X-ray imaging arrangement
Abstract
An x-ray system for narrow bandwidth imaging of in particular small objects is provided. X-radiation from an x-ray source ( 1 ) is focused by chromatic x-ray optics ( 2 ) on an x-ray energy dependent distance from the optics. Asymmetric focusing of the x-ray optics is compensated for by choosing an asymmetric focal spot of the source. The energy selective focusing makes possible blocking unwanted x-ray energies ( 3 ) from reaching an object ( 4 ). In that way optimization of the energy according to the size of the object can be done to minimize dose and maximize signal-to-noise ratio ( 7 ). Furthermore, a critical edge subtraction image can be obtained at the object dependent optimal energy if the object is injected with a contrast agent having an absorption edge close to the optimal energy ( 8 ). Radiation is registered ( 5 ) and processed ( 6 ) to combine structural and energy subtraction images.
Claims
exact text as granted — not AI-modified1 . An x-ray imaging system for selective energy imaging of an object, said system comprising:
an x-ray source; chromatic x-ray optics for focusing radiation from said x-ray source on a distance according to the x-ray energy of said radiation; blocking means for blocking unwanted x-ray energies from said x-ray source having been focused by said x-ray optics; detecting means for registering radiation from said source that has been focused by said x-ray optics and has passed said object to be imaged; image processing means for converting the data registered by said detecting means into a for diagnostic purposes useful image; said x-ray source having a shape that is adapted to said x-ray optics.
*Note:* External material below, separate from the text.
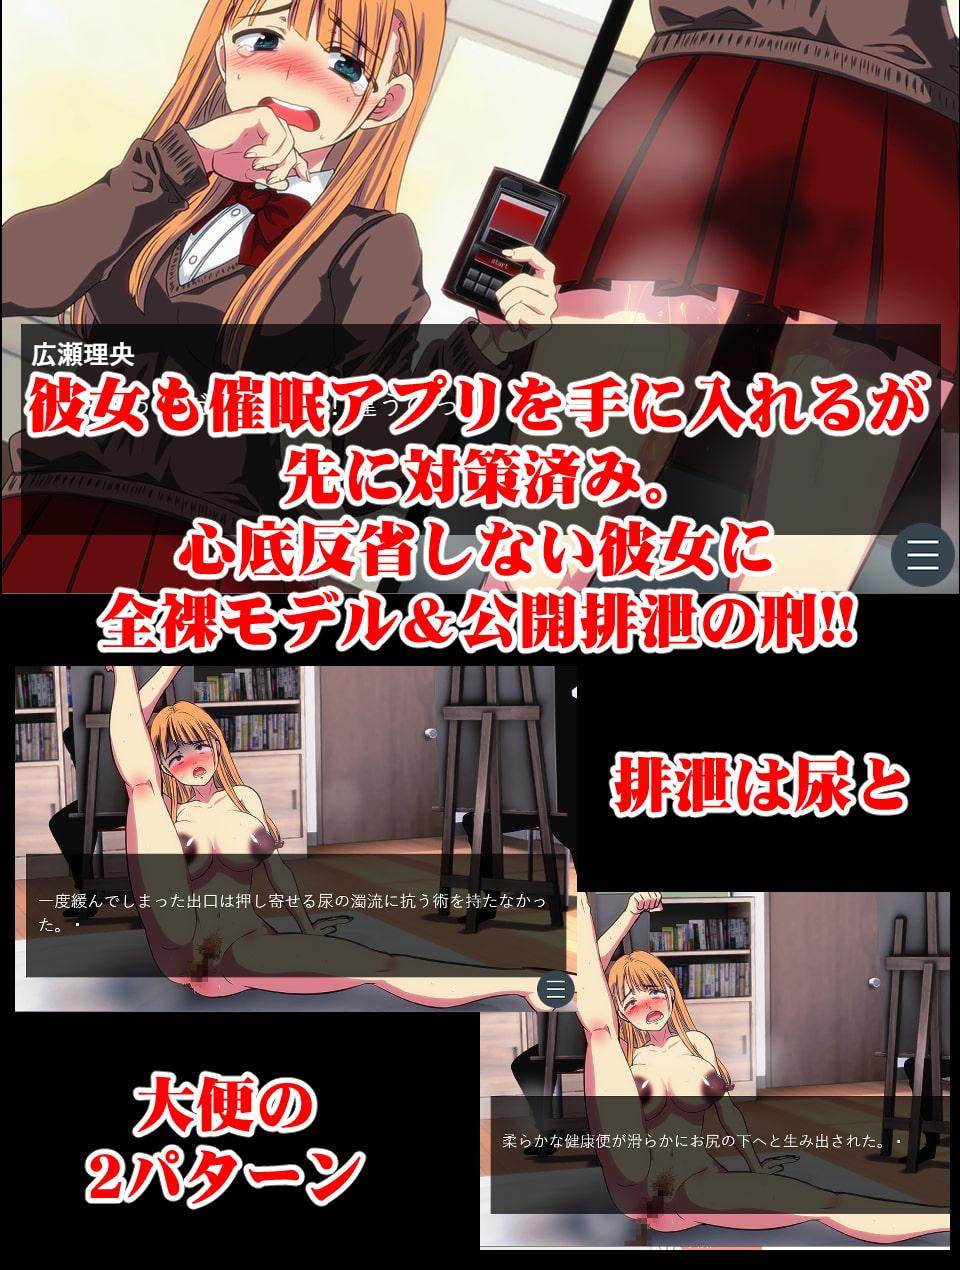 【ゲーム+CG集版】俺をいじめたあの女をわからせ2 ~催眠使われ無様晒してアヘ顔土下座の本気謝罪~

2 . An x-ray imaging system according to claim 1 , wherein said x-ray optics comprise at least one refractive x-ray lens.
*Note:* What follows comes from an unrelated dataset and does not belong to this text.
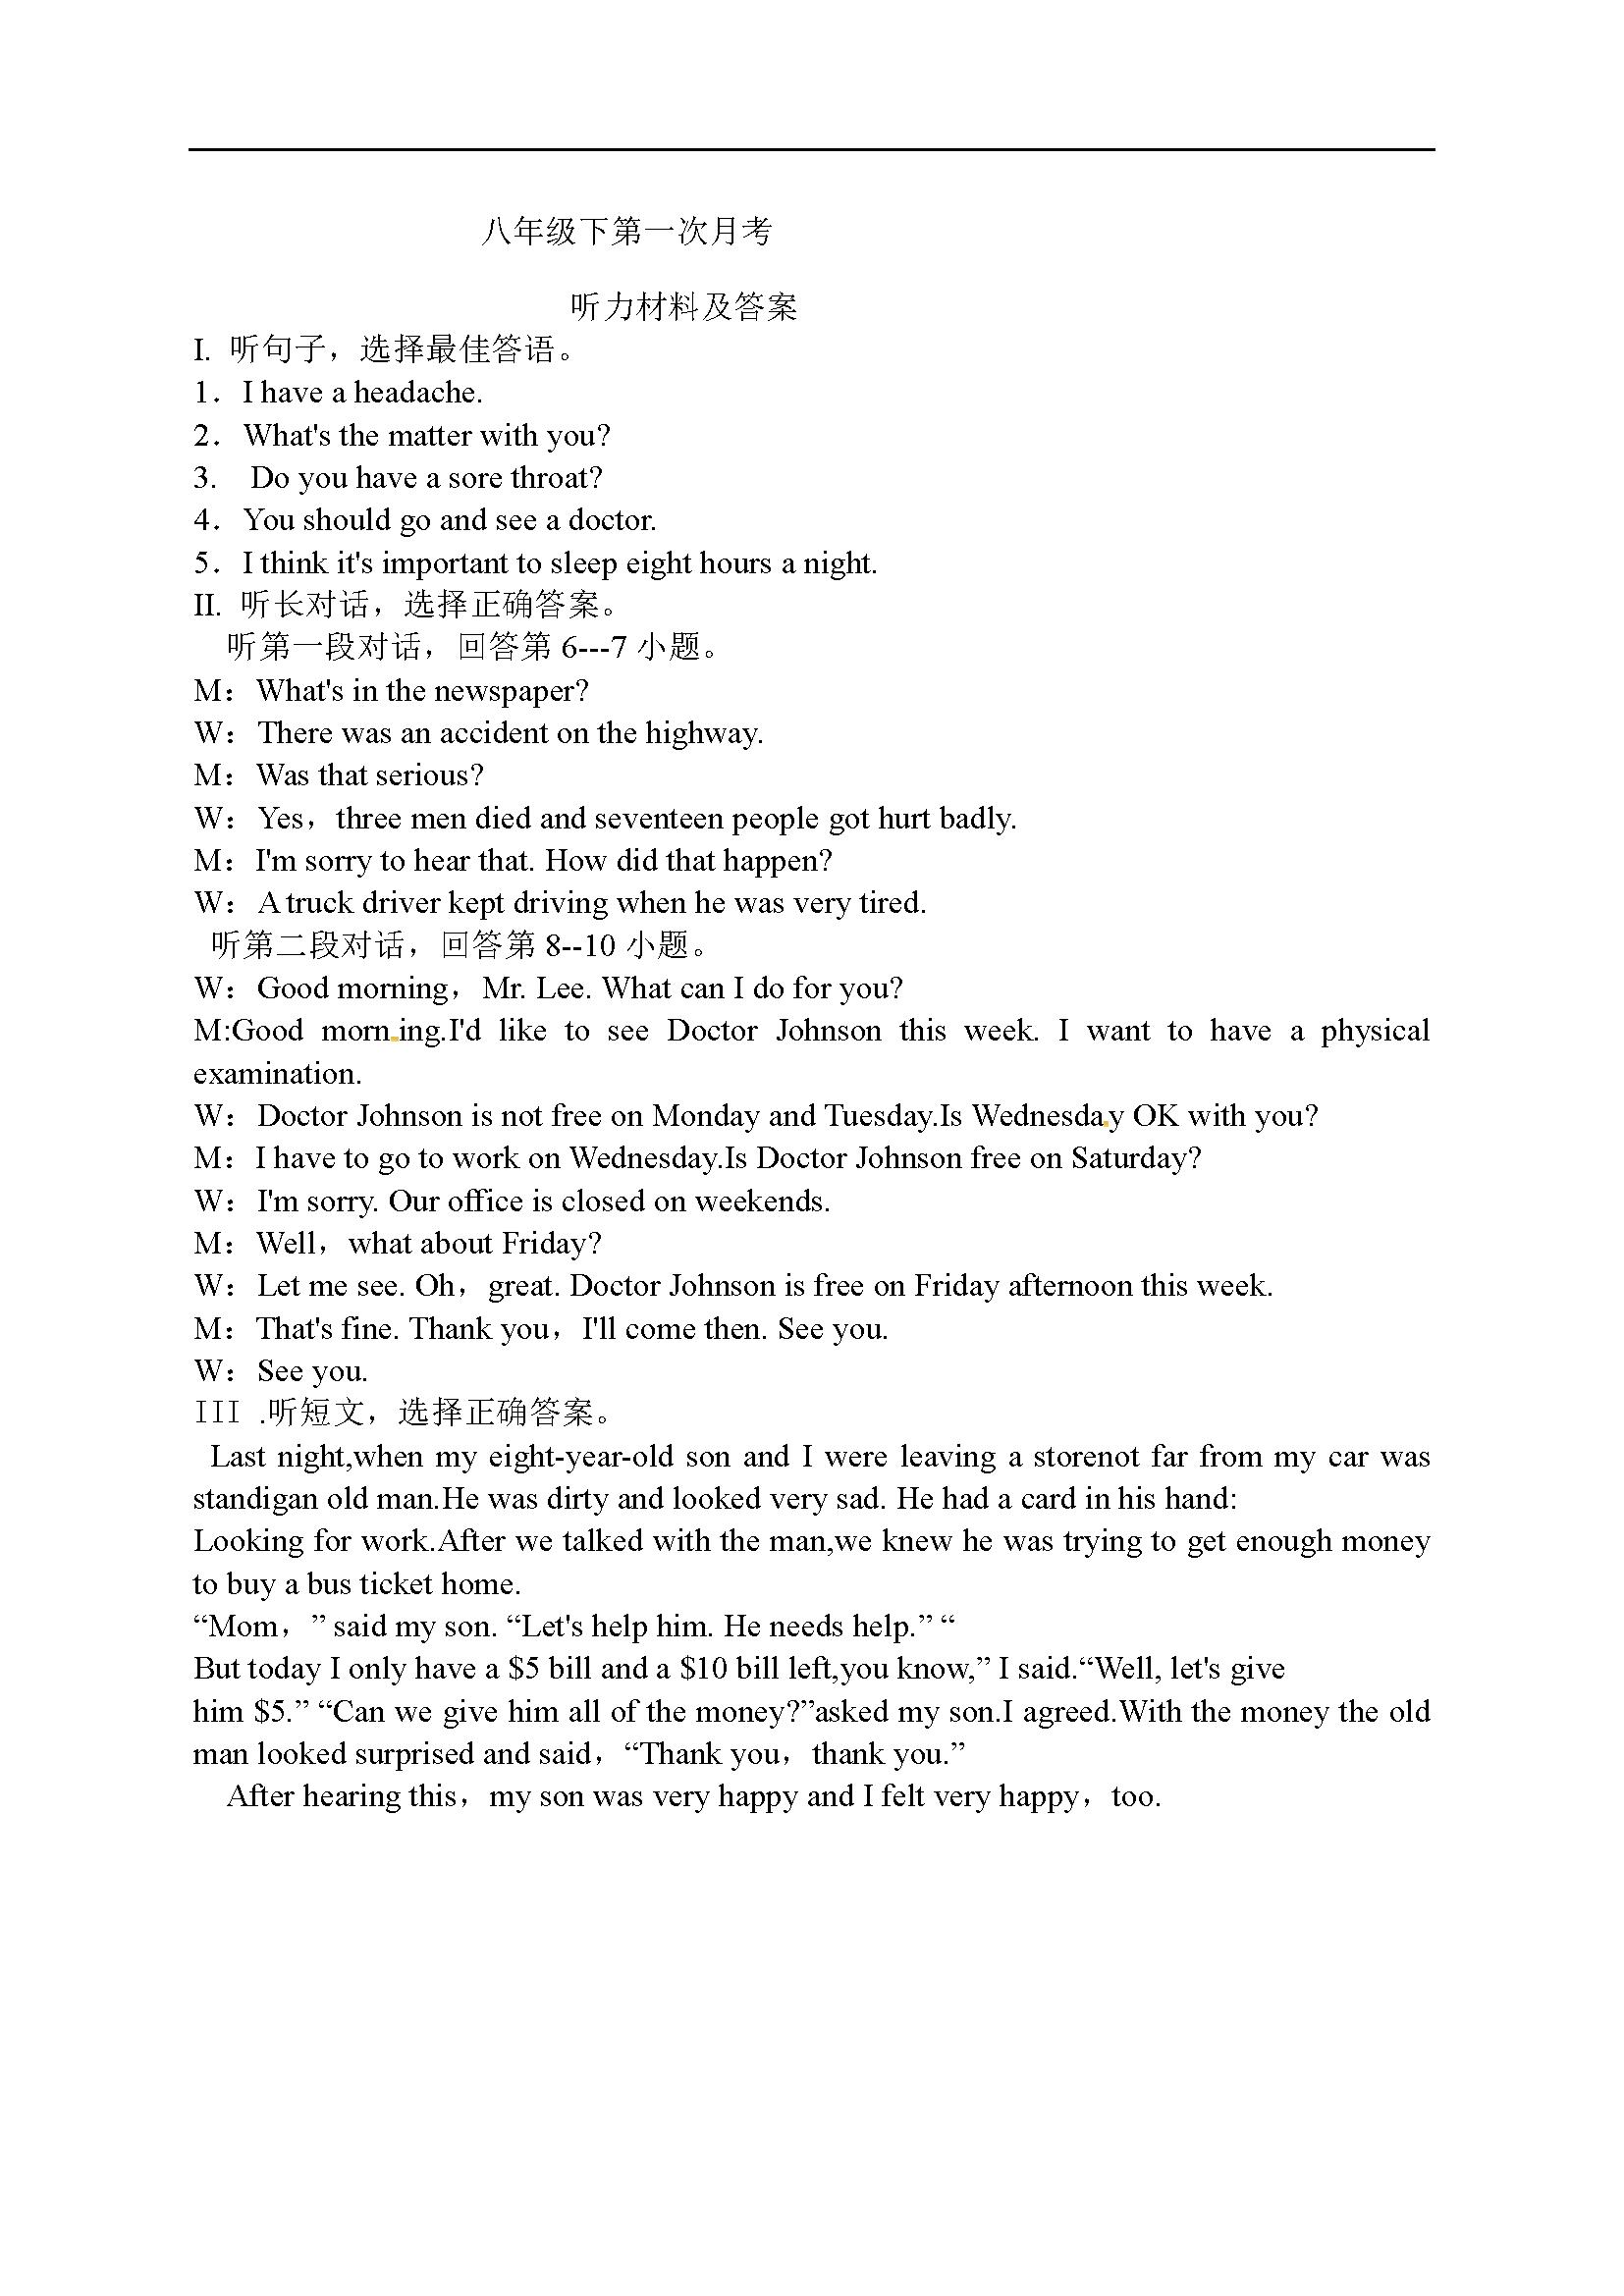 浙江杭州春蕾中学2016-2017八年级3月月考英语试题答案(Word版)

3 . An x-ray imaging system according to claim 2 , wherein said at least one x-ray lens comprises at least one multi prism refractive x-ray lens.
4 . An x-ray imaging system according to claim 2 , wherein said at least one x-ray lens comprises at least one prism array lens.
5 . An x-ray imaging system according to claim 1 , wherein said system is adapted for imaging an object having a size in the range 0.5-10 cm.
6 . An x-ray imaging system according to claim 1 , wherein said system is adapted for imaging an object being a living animal.
7 . An x-ray imaging system according to claim 6 , wherein said living animal is a small animal commonly used for research, such as a mouse or a rat.
8 . An x-ray imaging system according to claim 1 , wherein the energy illuminating said object is optimized to the size of said object so as to approximately minimize the radiation dose to said object at a certain signal-to-noise ratio;
said energy optimization or adjustment at least partially being achieved by adjusting said x-ray optics and said blocking means so as to selectively block other energies.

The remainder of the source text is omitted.